One aspect of running a small press that specializes in poetry I have always relished is that the goal you're trying to achieve in bringing a large audience to poetry is virtually impossible. Almost no one has ever done it, even major publishers with vast resources they can bring to bear on finding that audience.
Have I enjoyed the challenge? Not particularly. Having one's aspirations and hard work met with crushing apathy is not an experience I can describe as pleasurable, or satisfying in any remote or even masochistic way. I really wanted to be successful. I wanted to do this thing that almost no one else had done.
Later this year I'll be publishing an as yet untitled book by a local poet named Dennis Gulling. I haven't begun design on the book yet, but I am envisioning it as a movie-noir type of feel with illustrations by my creative partner Jenny of Tiny Drawings and Rockford Illustrating. It's actually quite a good book in the Outlaw poetry tradition of Todd Moore, of whom Gulling admits to be a protege. I anticipate Jenny and I will have some fun when we get down to the work of designing it.
The difficult part of the process, as anyone knows, is marketing and sales. Poetry is a product people have been trained from early youth to believe they just don't understand, like, or want. Overcoming those preconceptions and resistance in a prospective audience is virtually impossible. Occasionally a celebrity will sell a few thousand copies of a poetry book, and on very rare occasions a poetry book will become a popular thing to be seen pretending to read in public, but poetry itself has never been particularly liked by the public.

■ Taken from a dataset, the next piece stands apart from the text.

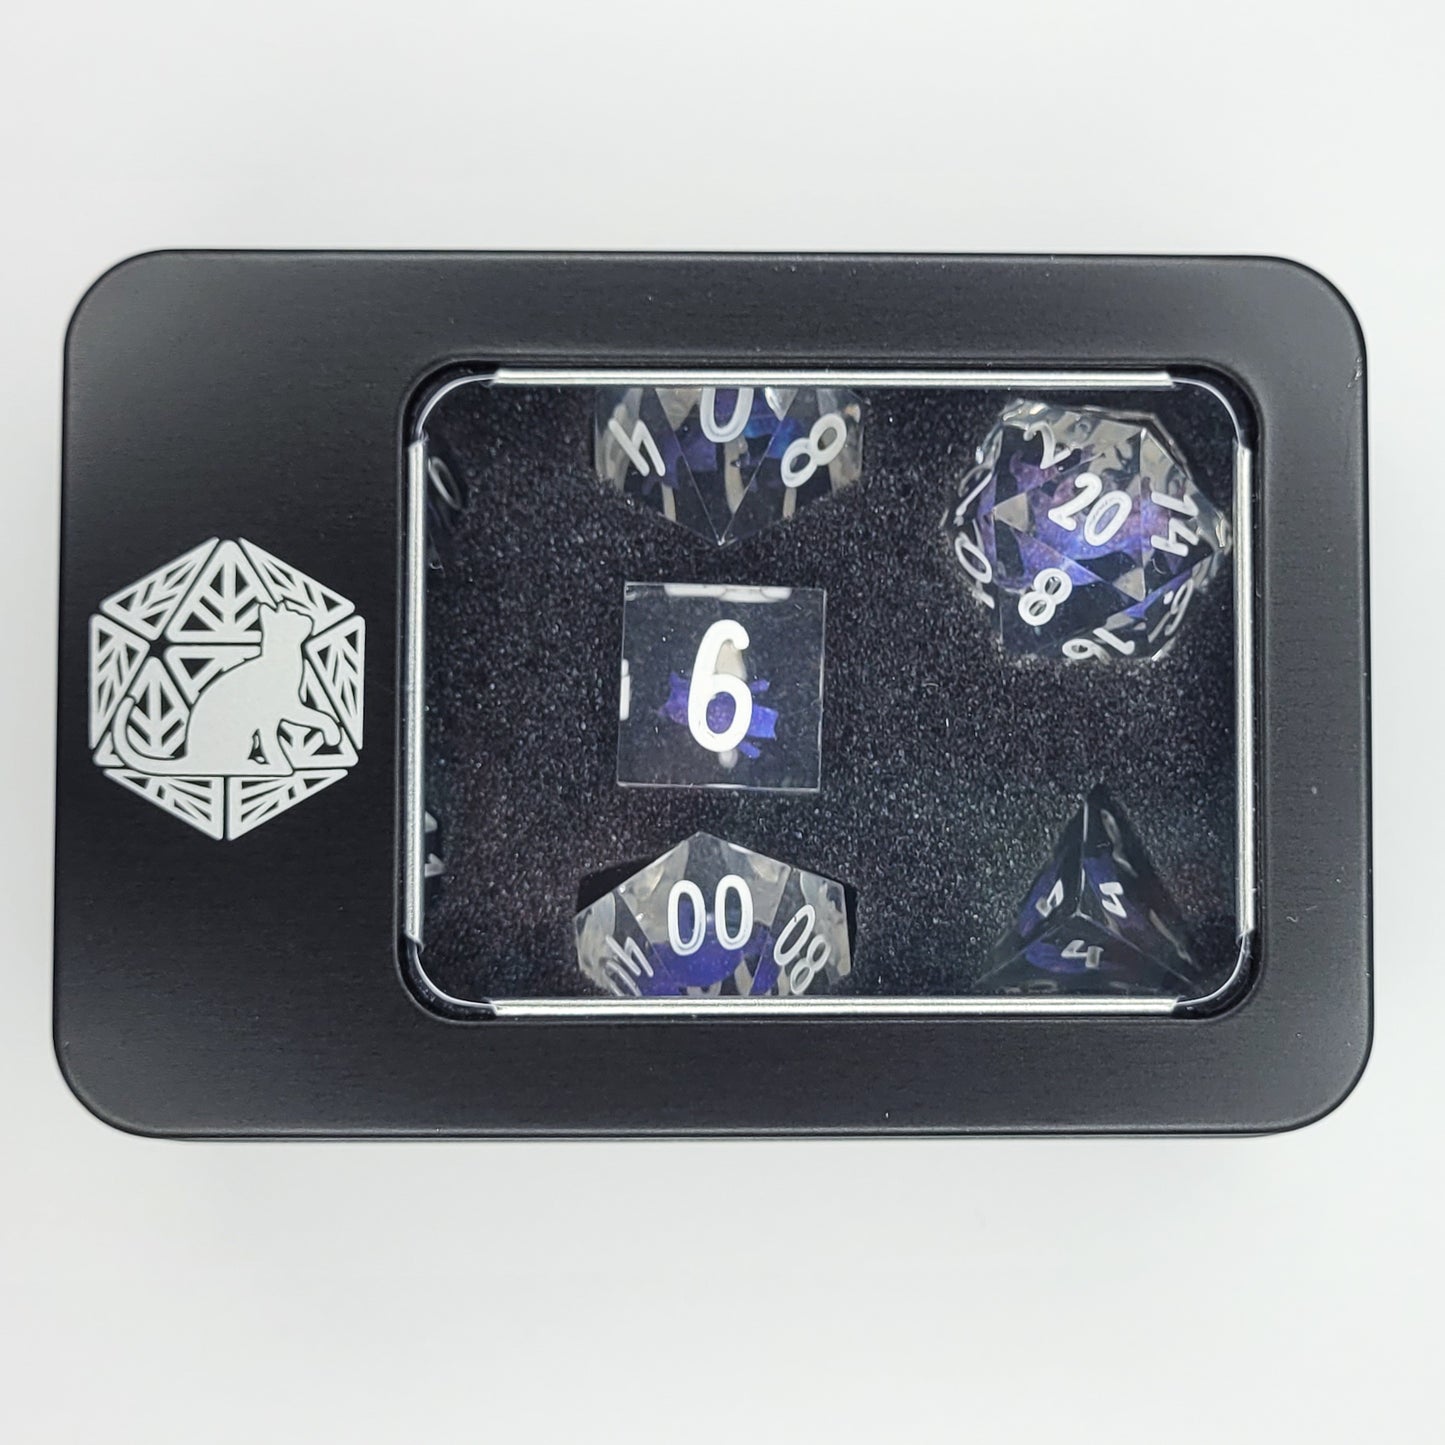 Purryhedrals Black Cat sharp-edge dice

So, you may ask the obvious: why not sell to poets? After I stop laughing long enough to type out a coherent response I'll explain poets don't buy poetry. Few of them even read it. This is readily apparent to anyone who has edited a poetry publication. I'd like to be diplomatic about this, but there is no group of people on this planet more underservedly convinced of their own grandiose and utterly unshared high opinion of themselves than poets. Even the bad ones, which is almost all of them, feel what they are doing is sanctioned by the gods themselves, and by the very virtue of scribbling a few lines in a notebook they have complete and lifelong immunity from showing even the remotest respect for the craft, let alone study it or, god forbid, buy a book. I have never made an attempt to sell poetry to poets because I'm not that particular brand of stupid. Fact is, I don't really care for poets, I have none on my Facebook friend's list, and I only know two in real life. The best poets I have met outgrow it and do something useful with their lives.
Yet knowing that after having undertaken the task of publishing a very complex book like Iced Cream by local artist extraordinaire Jesus Abraham Correa, and having outputted a spectacular product, that I am unable to find the audience I know is there for that work haunts me. That is my failure. These books I'm publishing, and am about to publish, deserve a better effort and result from their publisher. I can't allow learned helplessness to overtake me. I know the audience exists. I also know it is a niche audience, but they are out there. Jenny who does Mermaids of America will often see me hunched over the computer too many hours in a day and chide me that I'm wasting a beautiful day, and I'd really like to quit poetry. I mean that in the worst way. Like the Bukowski poem where he laments he'd rather be a good pool player or anything but a poet, I feel the same lament. Why me? I'm a relatively intelligent person. Had I spent this much time and effort on almost anything else in this Universe it's likely I'd be a much more successful person.
Poet and publisher Thomas L. Vaultonburg punching a shark who didn't buy a poetry book |
Quitting Poetry
The Muse doesn’t look
Up when I turn in
My final assignment,
A poem titled
Mollusks Are Forever.
As I turn to leave
I can swear I see
A flash of thigh
As she purrs icily
“You’ll be back
When you see
The Fall Schedule.”
It's probably quite a bit of the problem that I haven't asked you to buy anything in this blog. I know you can see there are links in the margins to buy things, but I just can't spend my days begging people to buy a product I knew they didn't want when I made it, then be constantly angry and bitter that they didn't buy it. I suppose I should put a link to something in here just for fun, but I'm not sure why. Oh, and a picture of something.